Schema
Table: audit_selinux
Represents SELinux information.
| Name | Datatype | Description |
|---|---|---|
| type | UTF8 | A string representing the SELinux event type name, such as MAC_POLICY_LOAD. |
| time | UINT_64 | The UNIX nanoseconds timestamp of the SELinux event. |
| message | UTF8 | The SELinux event's msg field. |
Table: audit_user_msg
When a user starts a terminal, netlink events trigger an audit_user_msg event. You can use audit_user_msg events to track SSH login attempts, sudo elevations, and users swapping to different system users. You can also track events inside containers.
| Name | Datatype | Description/Attributes |
|---|---|---|
| uid | int32 | The UID of the process triggering the event. |
| pid | int32 | The PID of the process triggering the event. |
| sophos_pid | string | A unique ID created using the PID of the process and a unique identifier. |
| type | int32 | The nlmsg_type value of the netlink event. |
| time | int32 | The Unix timestamp of the event. |
| message | string | The first For example, the message from the following
|
| path | string | The path of the process triggering the event. |
| address | string | The IPv4 or IPv6 address if the event is triggered over the network. You typically see this in SSH or container events. |
| terminal | string | The terminal ID of the created terminal. |
Example
{
"uid": 0,
"pid": 767417,
"sophos_pid": "767417:17273496908417400",
"type": 1105,
"time": 172734969,
"message": "op=PAM:session_open",
"path": "/usr/bin/sudo",
"address": "?",
"terminal": "/dev/pts/10"
}
Table: alerts
Represents alert information.
| Name | Datatype | Description/Attributes |
|---|---|---|
| unix_nano_timestamp | int64 | UnixNanoTimestamp is the Unix timestamp of when the Alert was generated. |
| alert_id | utf8 | AlertID is the UUID for the alert. |
| sensor_id | utf8 | SensorID is the unique identifier for Sophos Linux Sensor (SLS). |
| priority | utf8 | Priority is the Alert's priority. |
| process_uuid | utf8 | ProcessUUID is a unique ID that represents the unique process. |
| incident_id | utf8 | IncidentID is the ID of the overall incident. This will be present if the event is part of an incident. |
| policy_type | utf8 | PolicyType is the policy's type. |
| strategy_name | utf8 | StrategyName is the name of the strategy which triggered the alert. |
| audit_group_id | utf8 | AuditGroupID is the ID of the overall audit group event. This will be present if the event is part of an audit group event. |
| messages | list utf8 |
Table: sensor_metadata
Represents a single key/value pair of metadata for specific sensor.
| Name | Datatype | Description/Attributes |
|---|---|---|
| sensor_id | utf8 | SensorID is the unique identifier for SLS. |
| key | utf8 | |
| value | utf8 |
Table: sensors
Represents sensor information.
| Name | Datatype | Description/Attributes |
|---|---|---|
| unix_nano_timestamp | int64 | UnixNanoTimestamp is the Unix timestamp of when the process event was generated. |
| sensor_id | utf8 | SensorID is the unique identifier for SLS. |
| sensor_pid | int32 | SensorPid is the PID of the SLS process. |
| hostname | utf8 |
Table: lost_records
LostRecord metaevents log instances of potential data loss in SLS.

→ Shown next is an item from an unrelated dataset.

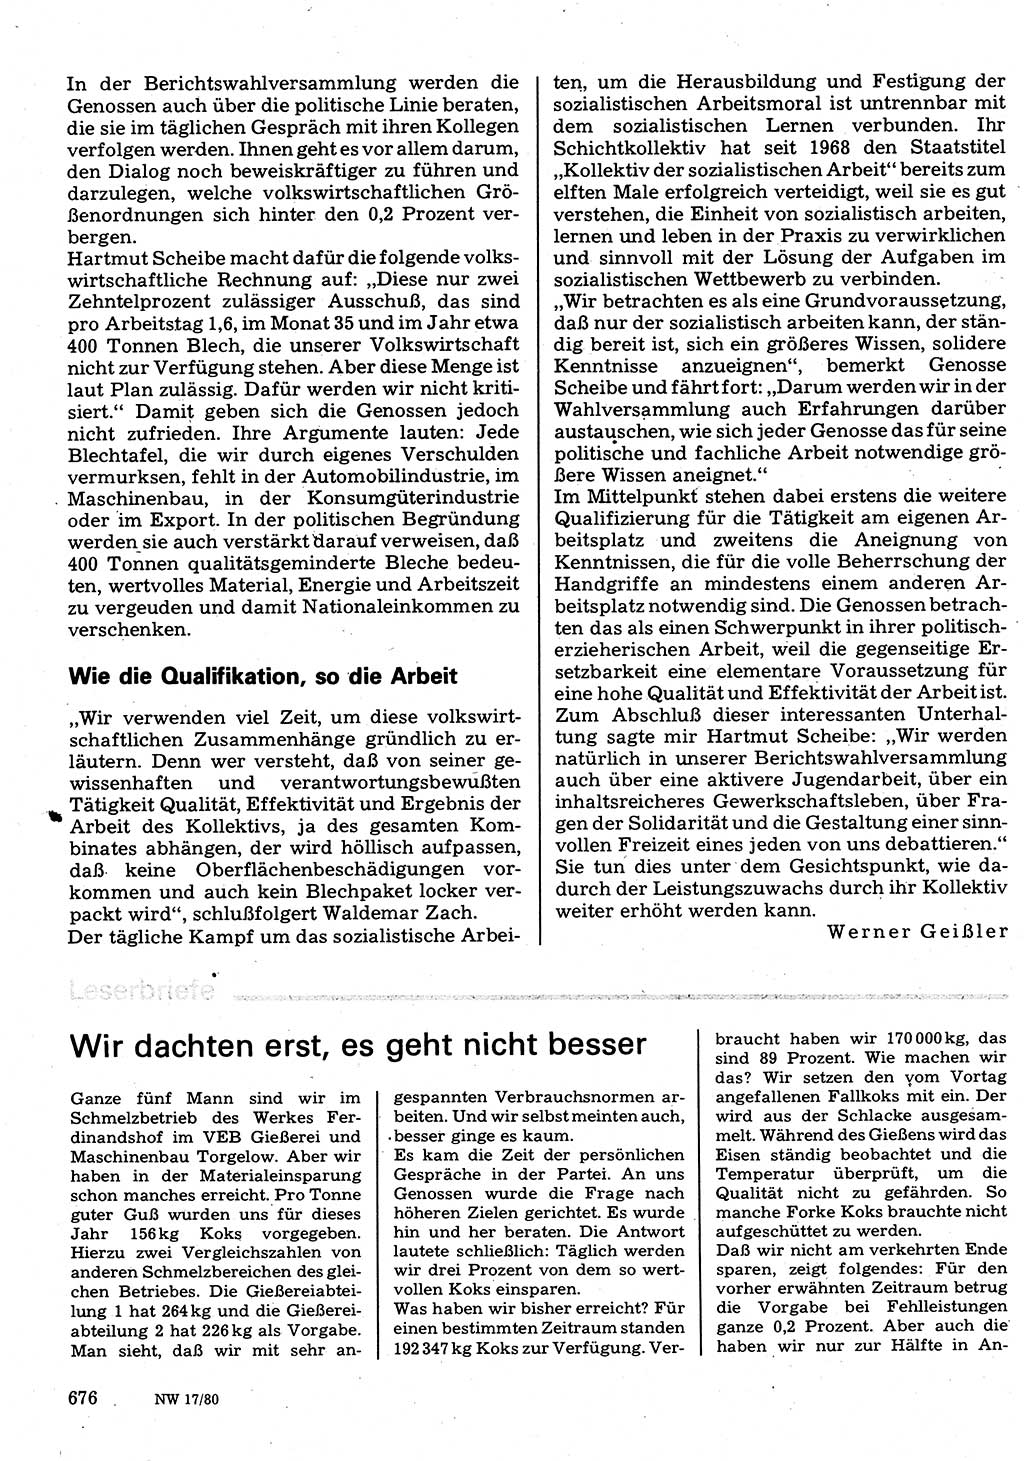 Neuer Weg (NW), Organ des Zentralkomitees (ZK) der SED (Sozialistische Einheitspartei Deutschlands) für Fragen des Parteilebens, 35. Jahrgang [Deutsche Demokratische Republik (DDR)] 1980, Seite 676 (NW ZK SED DDR 1980, S. 676)

| Name | Datatype | Description/Attributes |
|---|---|---|
| unix_nano_timestamp | int64 | UnixNanoTimestamp is the Unix timestamp of when the lost record was generated. |
| event_type | int32 | EventType represents the lost record event type. |
| action_type | int32 | ActionType represents what action lost record event type. |
| reason | utf8 | Reason is the reason the lost record event was generated. |
| lost_count | int64 | LostCount represents the number of records which were lost. |
| event_type_name | utf8 | EventTypeName is the name for the event type that occurred. |
| action_type_name | utf8 | ActionTypeName is the name for the action type that occurred. |
| sensor_id | utf8 | SensorID is the unique identifier for SLS. |
Table: connections
Connections represent all network activity that contains a network address.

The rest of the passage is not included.